Multiple people have been hospitalized in what’s been described as a “mass casualty incident” at Washington D.C.’s L’Enfant Plaza. Smoke was first reported at the station at 3:20 p.m.
Here’s what you need to know:
1. The Cause of the Fire Is Unknown
The cause of the fire has not been determined, reports My Fox D.C. According to reporter Scott MacFarlane, it’s coming from the upper level of the station. At 5 p.m., the D.C. police department tweeted that the station had been completely evacuated.
2. Passengers Who Were Stuck on Trains Were Passing Out
Unconscious people were found at the station and have been transported to area hospitals. The station is being closed with reports that some people are stuck in trains. CBS D.C. reports that there are no injured people who are stuck on trains.
WUSA reporter Mola Lenghi tweeted that one passenger told them that people were stuck on trains for 20 minutes while smoke built up in the car. The passenger said were “screaming, passing out.” Reporter Scott MacFarlane tweeted that injuries are “minor.” One person is believed to be seriously injured, that person later died in hospital.
3. The Fire Is Creating a Commuting Nightmare
The station is also being bypassed. Metro Rail has been using their Twitter account to help passengers find alternative routes. Fox D.C. reports that the metro service was suspended between Navy Yard and Mount Vernon Square on the green line and on the yellow line, Pentagon City and Mount Vernon Square are shut down.

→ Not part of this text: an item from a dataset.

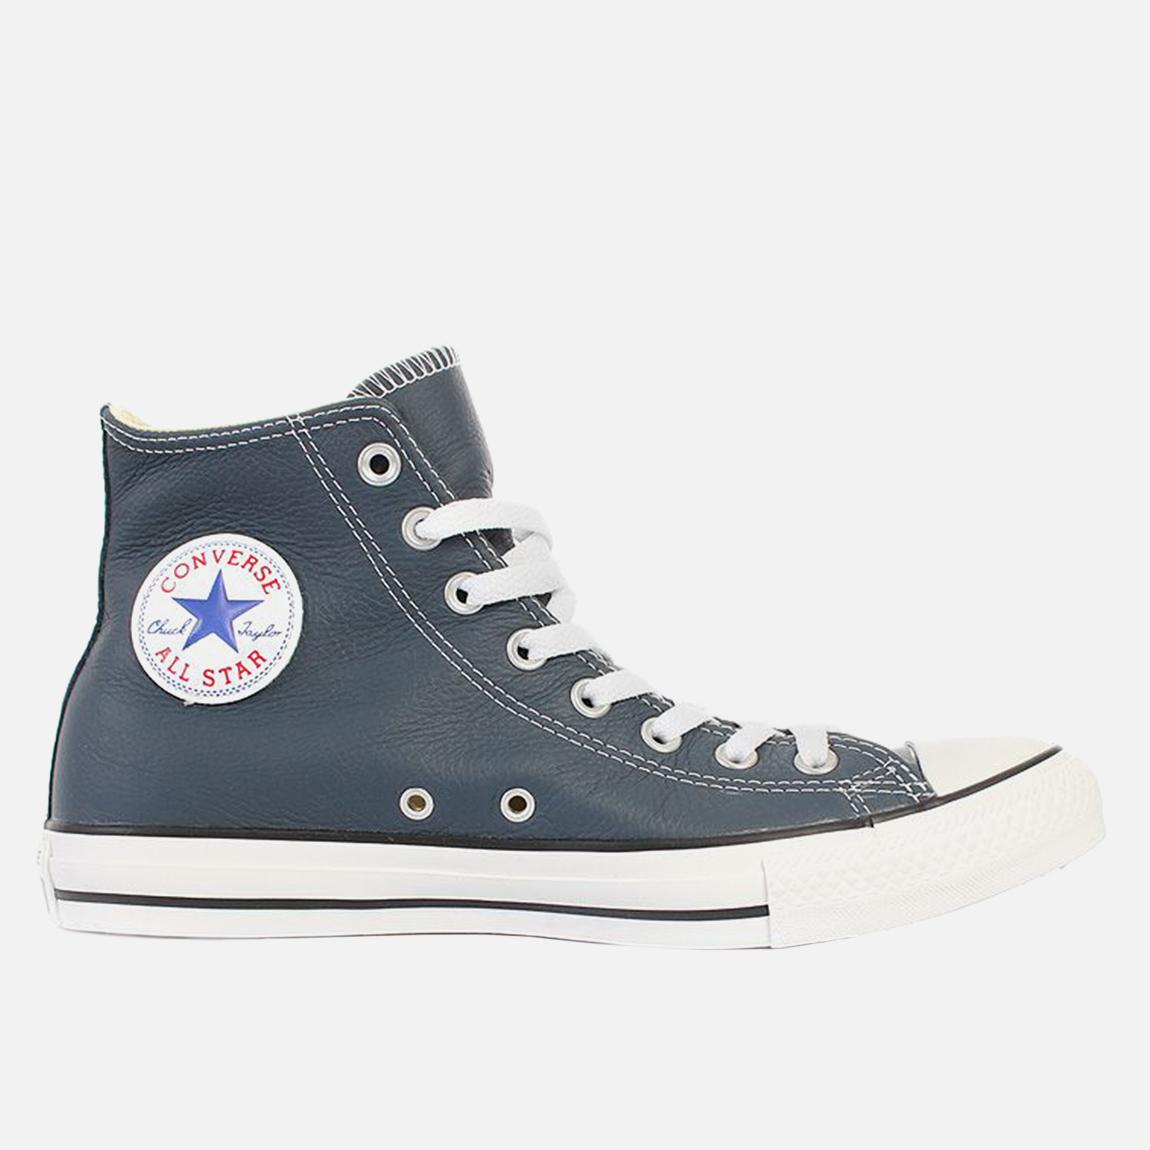 Chuck Taylor All Star Hi - Moonlight Converse Sneakers | Superbalist.com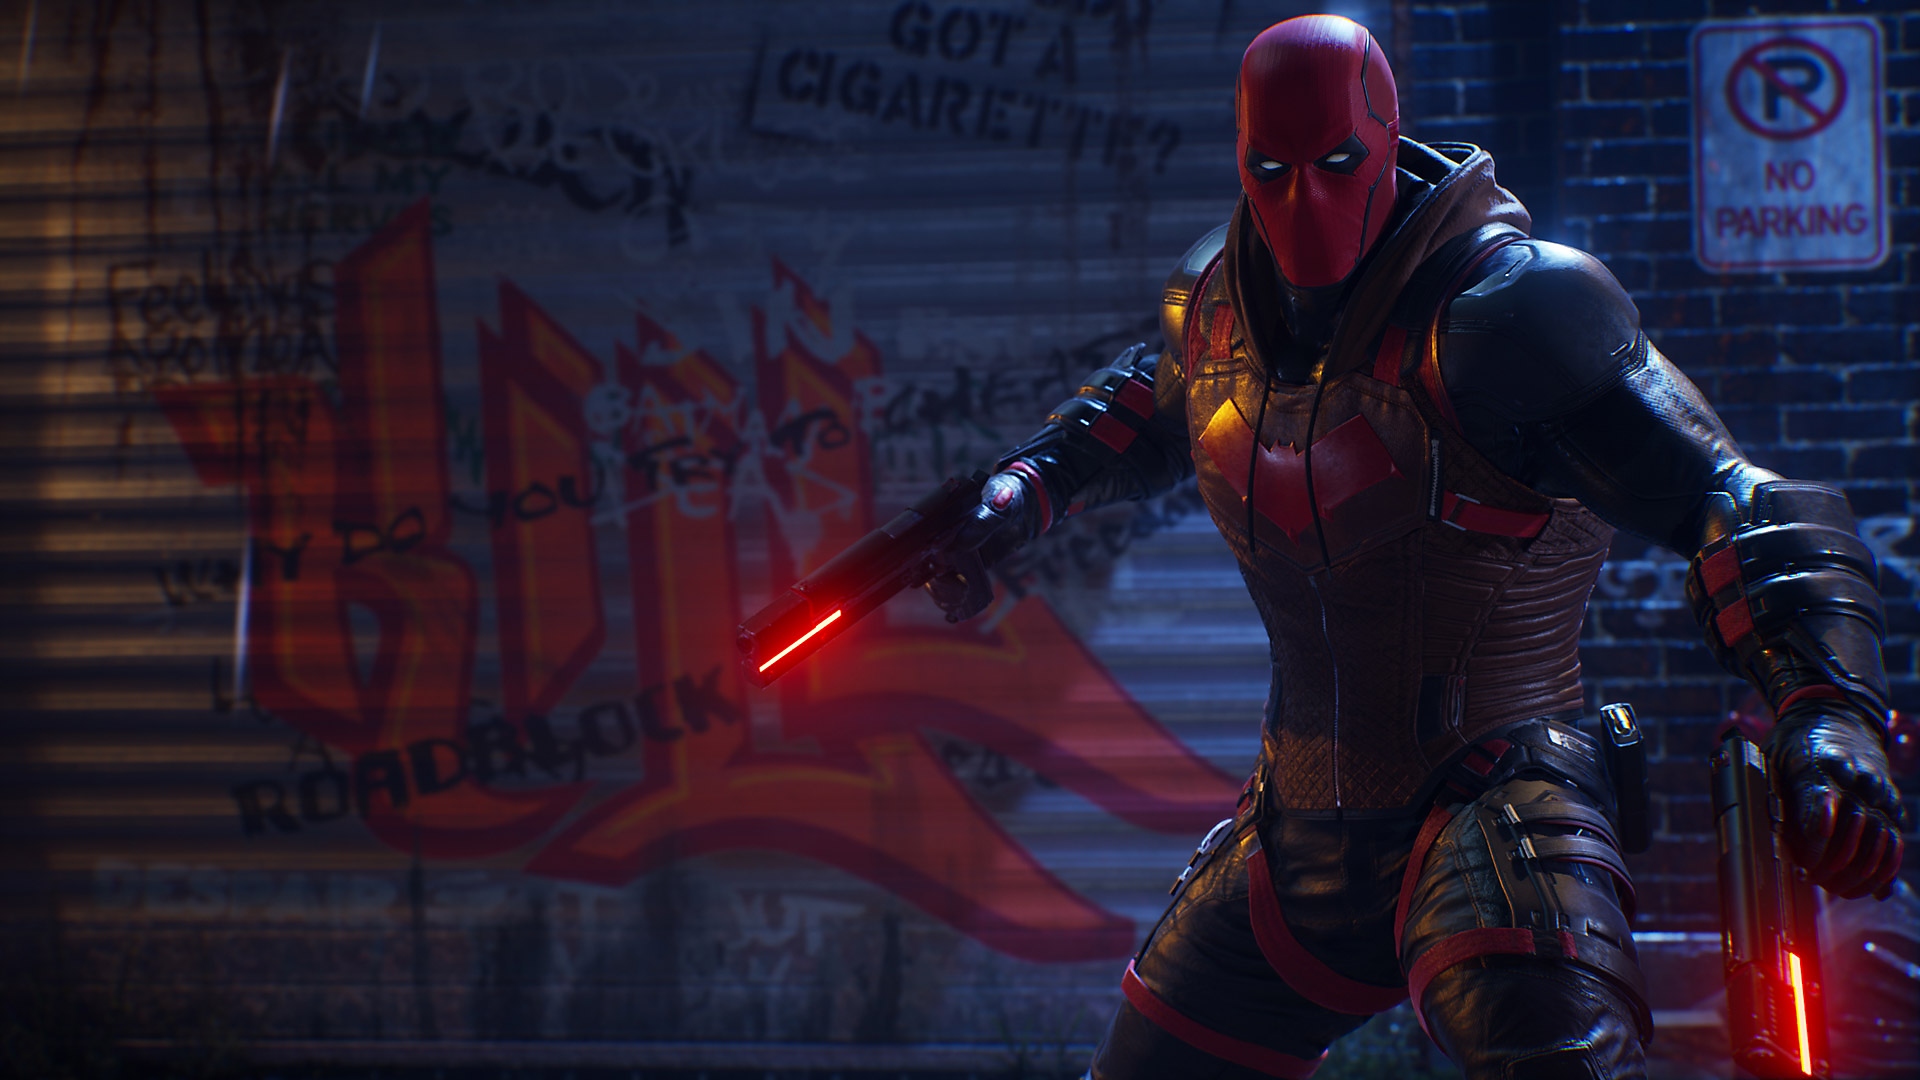 Gotham Knights - Capture d'écran - Red Hood avec une arme dans chaque main

4. The FBI Are on the Scene
There is a massive police and fire fighters operation underway at the station. According to the D.C. Fire Department, the term “mass casualty” is used when “additional resources are potentially necessary on large scale incident.” A fire department source told My Fox D.C.’s Marina Marraco that “our radios are failing big time.” The FBI are also on scene.
5. The Station Holds D.C.’s Second Largest Parking Lot
The metro station at L’Enfant Plaza was opened in July 1977. In addition to serving the metro, the train station also serves the Virginia Railway Express. There is a 16,000 parking lot beneath the station, the second largest lot in D.C.